The Mirror Universe Mac, who first appears in "Cutting Ties", a story in the 2007 anthology Star Trek Mirror Universe: Obsidian Alliances, is described as having black hair, and appears thus in Turnaround. Whereas our universe's Calhoun has a scar down the right side of his face, the mirror Calhoun has one down the left side of his. Mac spent a year on Romulus educating himself in areas such as philosophy, war strategy, and chess. He learned to defend himself during his many years in the Reman mines.

==Influences==
Fans have noted the similarity between Calhoun and another of Peter David's Star Trek characters, Commander Quintin Stone from David's 1991 TNG novel, A Rock and a Hard Place. David explained that Calhoun was not intentionally a remodeled Stone, but that both were based to some extent by characters portrayed by film actor Mel Gibson: the apparently unstable "cowboy diplomat" Stone was based on Martin Riggs from the Lethal Weapon films, and Calhoun, who was a rebel leader at 20, was inspired by the Scottish rebel leader William Wallace from Braveheart. David has added that Calhoun is closer to the historical Wallace, in that like Calhoun, Wallace was much younger than the real-life Gibson was when he portrayed Wallace in the movie.

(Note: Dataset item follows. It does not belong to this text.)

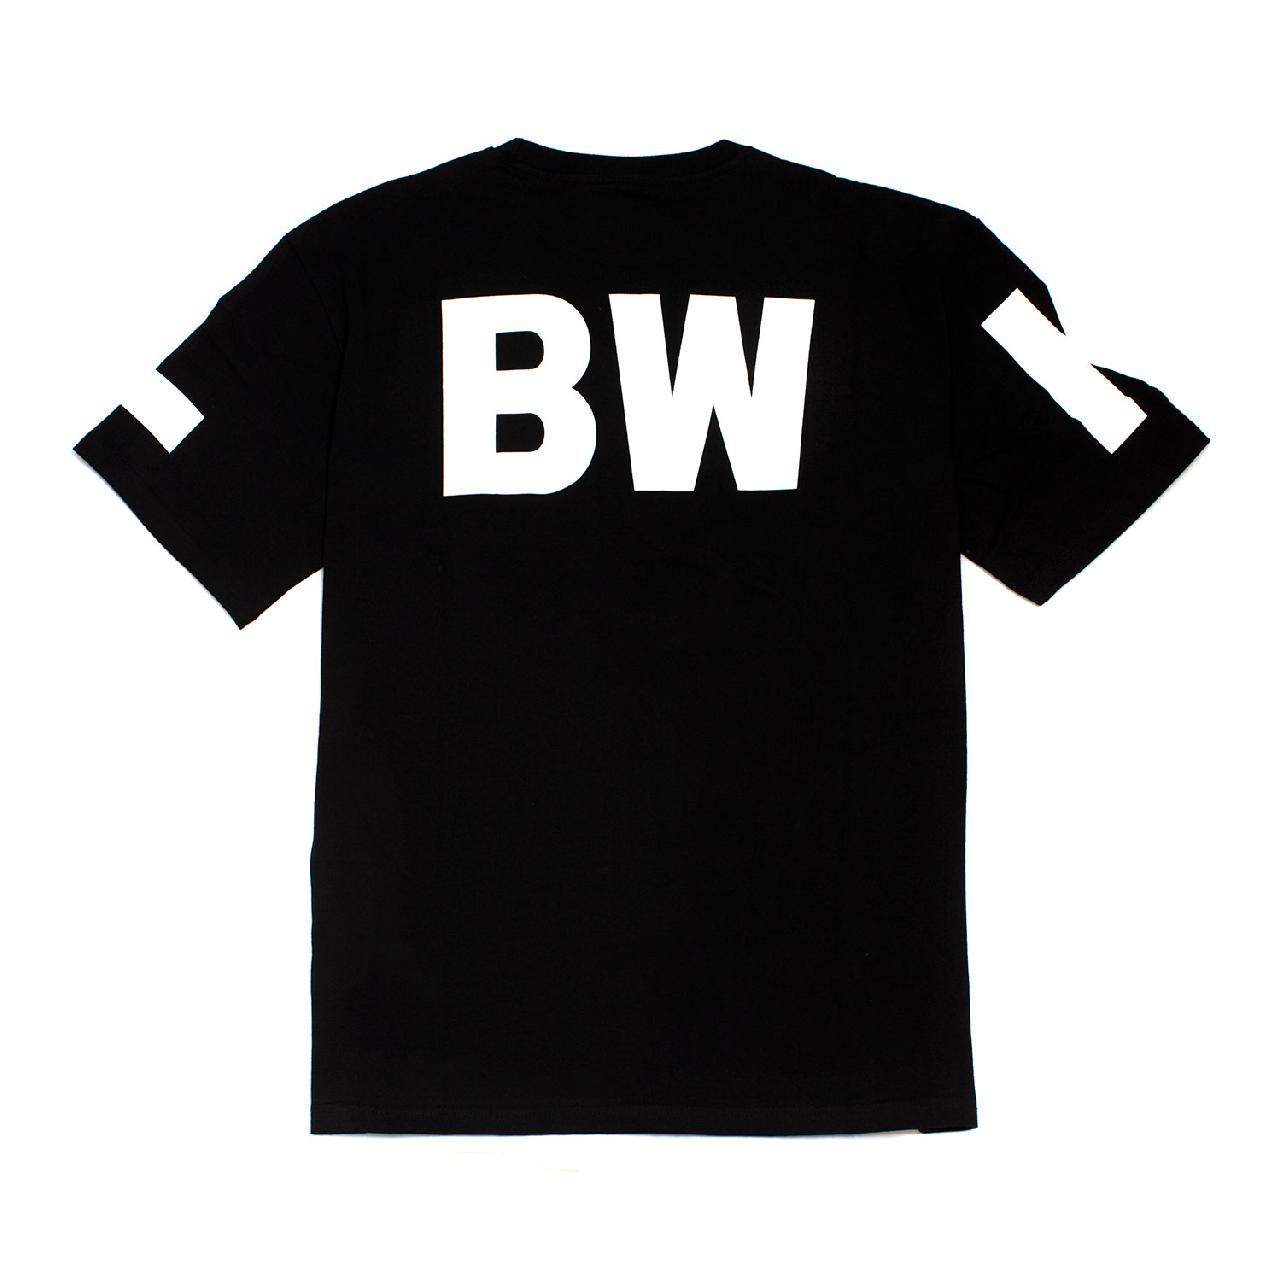 LBWK ロゴ ビッグTee Black

In addition, Calhoun, who is depicted as something of a cowboy, has been compared by other characters in the stories to James T. Kirk, as in a conversation with Edward Jellico in the novel Martyr. David has stated that on his blog that Calhoun indeed looks up to and identifies with Kirk, seeing himself very much in the cowboy mold that Kirk personified.

==In other media==
Playmates Toys produced a limited edition Captain Calhoun 4.5 inch action figure which was available only via mail order through the Star Trek Communicator fan club magazine, and began shipping in September 1998. Approximately 10,000 of these figures were produced.

In September 2005, Calhoun made a cameo appearance in "Vigil", a sixth-season episode of the Star Trek fan film series Star Trek: Hidden Frontier, in which he meets his old lover, Elizabeth Shelby, now commanding the Excelsior, in the Briar Patch. Calhoun was played by James Cawley, producer and star of Star Trek: New Voyages, in which he plays James T. Kirk. Peter David stated on his blog that although the creators of the episode did not check with him beforehand, he thought it was very entertaining.

In the online game Star Trek Online, Calhoun is a Starfleet mission contact based on Starbase K-7. He issues PvP missions to Federation players so they can fight other STO players playing the Klingon faction.